09:00 While waiting for Lois to roll out of bed, I put the finishing touches to preparing our house for a sudden influx of people - our daughter Alison, her husband Ed and their 3 children Josie (15), Rosalind (13) and Isaac (11). I set our dining-room table up to accommodate 7 instead of the usual 2. Usually it's just Lois and me on our own: we spend the day and night in each other's pockets - yikes, big change coming today, no doubt about that!!!!!
I put the finishing touches to our dining-room table:
"table for 7" instead of the usual "table for two"
We have lunch and it's still non-stop "yackety-yack" which is nice!
we lunch and we yackety-yak - what a nice change !!!!!
but at the same time it's strangely exhausting
12:30 Steve, our American brother-in-law, emails me to say that Putin's plan to neutralise France by intervening in their elections on behalf of his friend Marine LePen now looks as if it might succeed. Oh dear, that wasn't supposed to happen! What a crazy world we live in !!!!
The crazy Le Pen would no doubt join Hungary's crazy Prime Minister Viktor Orbán, in being equivocal towards Putin.
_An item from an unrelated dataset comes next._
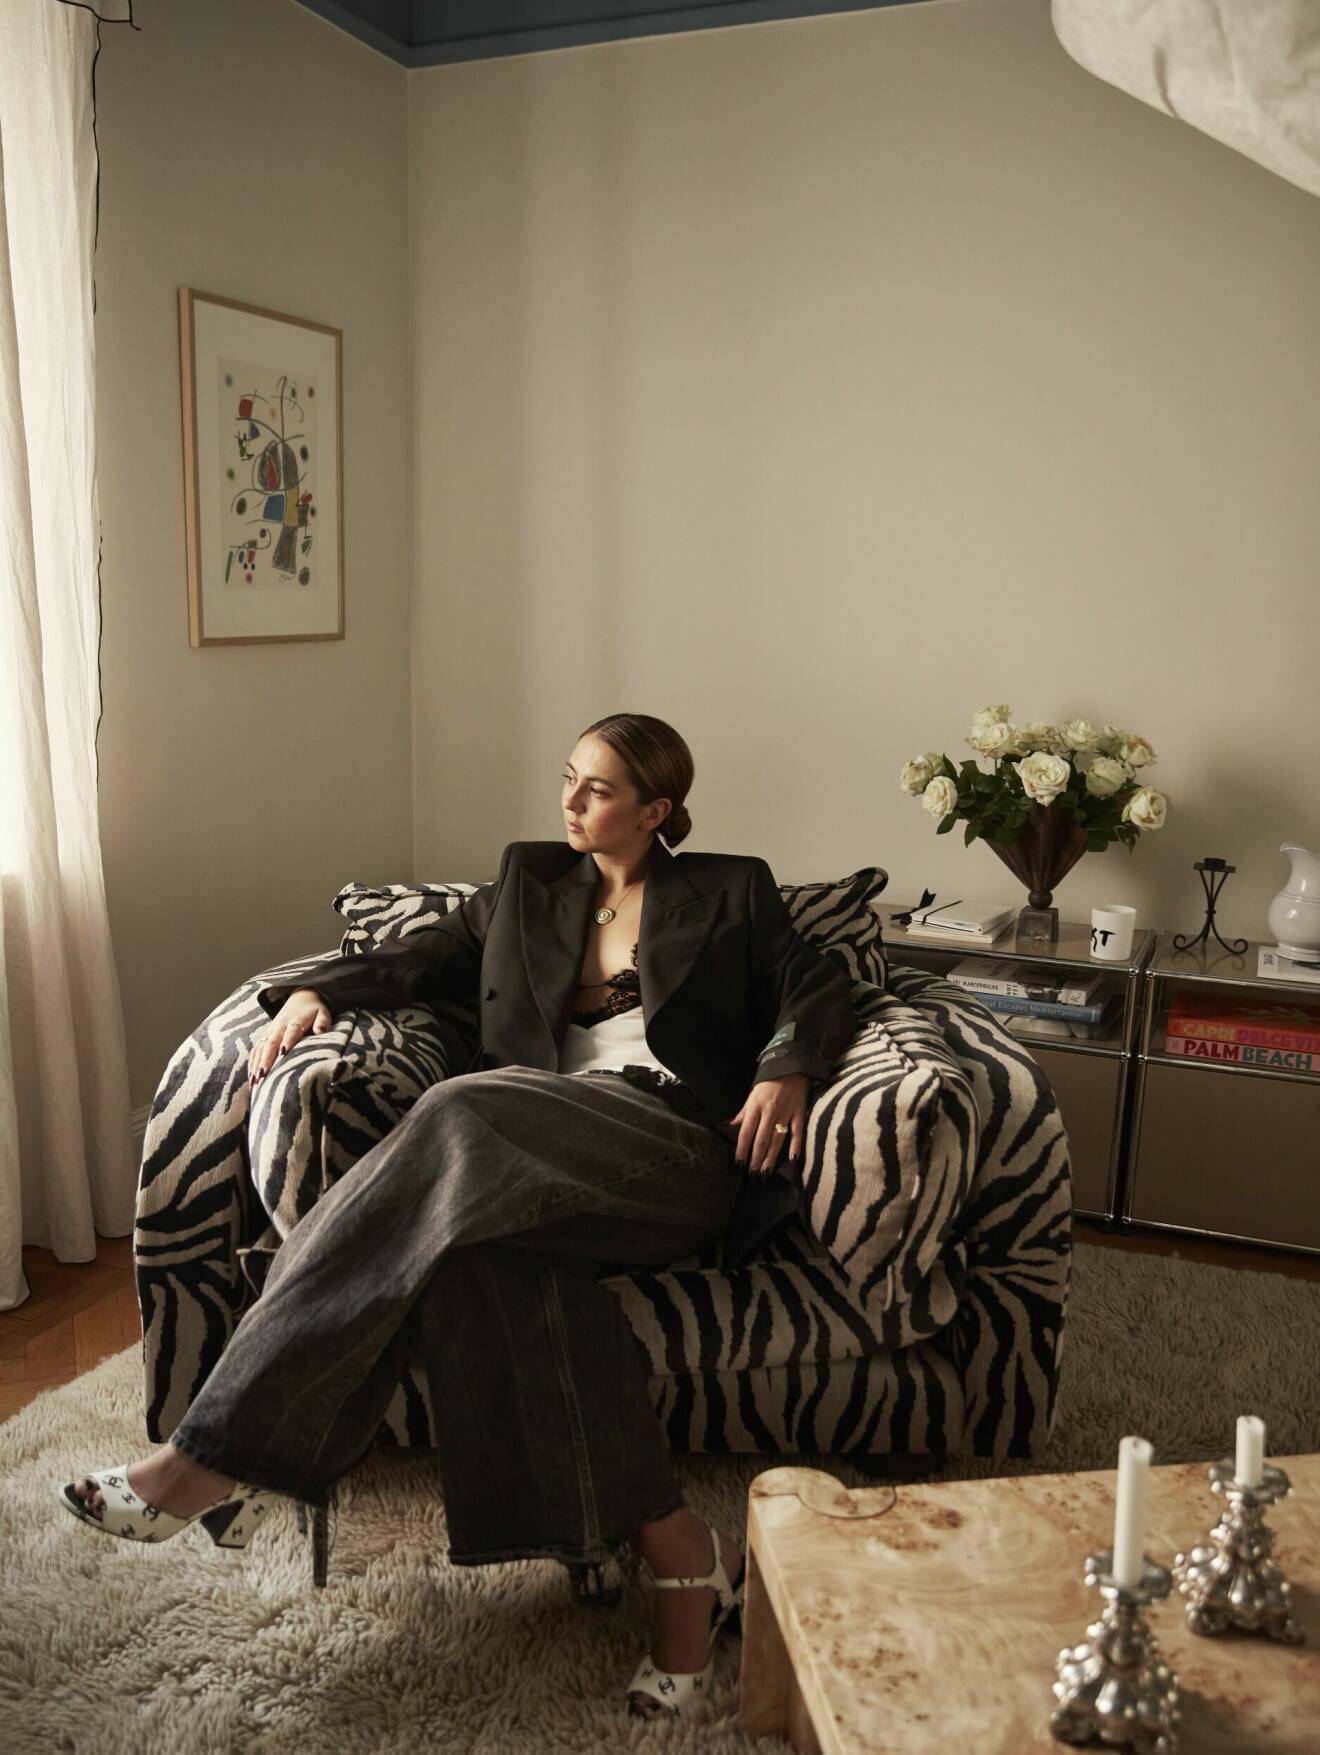 Hanna MW i zebramönstrad fåtölj i vardagsrummet med Miró-tavla från Palma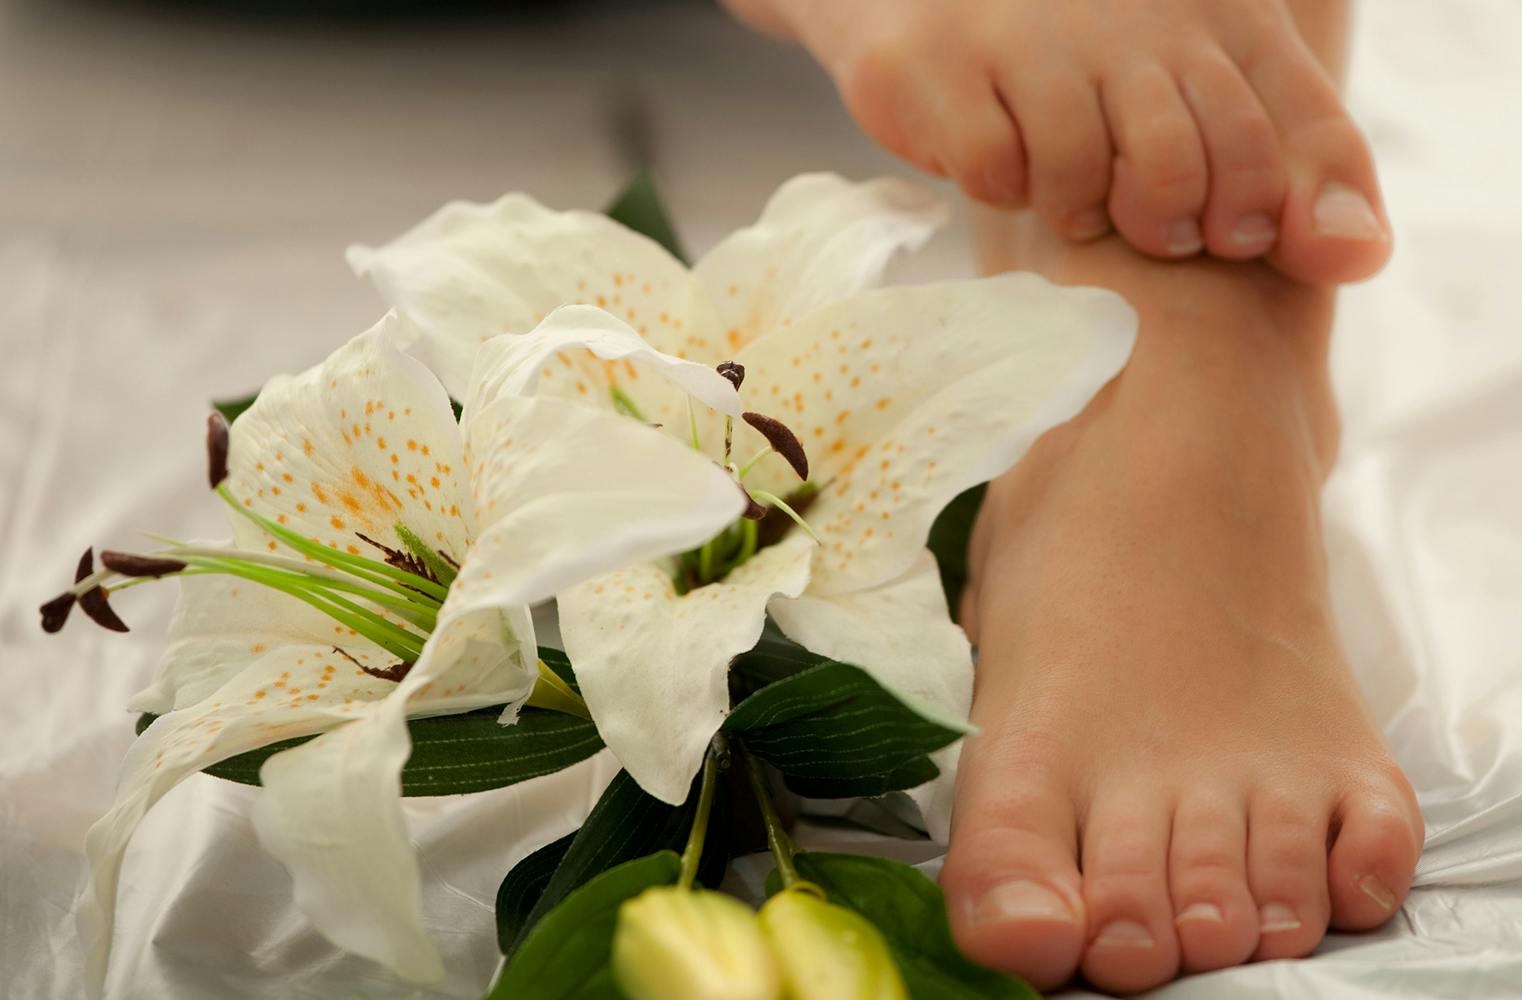 Asia Luxus Paket | Peeling, balinesische Massage u.v.m.

But at least 82-year-old Hungarian football legend József Szabó, ex Kieve Dynamo star, knows what's what - and he says that Orbán makes him "ashamed to be Hungarian".
You tell 'em, József !!!!!!
14:00 After lunch, Ed takes the family's new electric car over to the Racecourse to charge it up. They decided to come here in their new car today partly as an experiment - it's their first longish journey in it, being around 100 miles, and they're not sure if they'll have to recharge it en route - luckily, that proves not to be the case.
14:15 Meanwhile Lois, Alison, Rosalind and Isaac go for a walk to the local football field. They want to try the local zipwire, but it turns out there's a big queue, so they play on the park's brand-new exercise equipment instead. Josie stays here to do exam revision.
flashback to February: Ed and Isaac pick up their new electric car,
a Citroen EC4
It actually takes Ed pretty much all afternoon. Not his fault - when he gets there he has to help another new electric car user who's confused by the new technology. And he alsochats to other users - who are similarly feeling their way with the mechanics of taking electric cars across the country. Ed says there aren't many fast charging points in Cheltenham, and the racecourse one is probably the best.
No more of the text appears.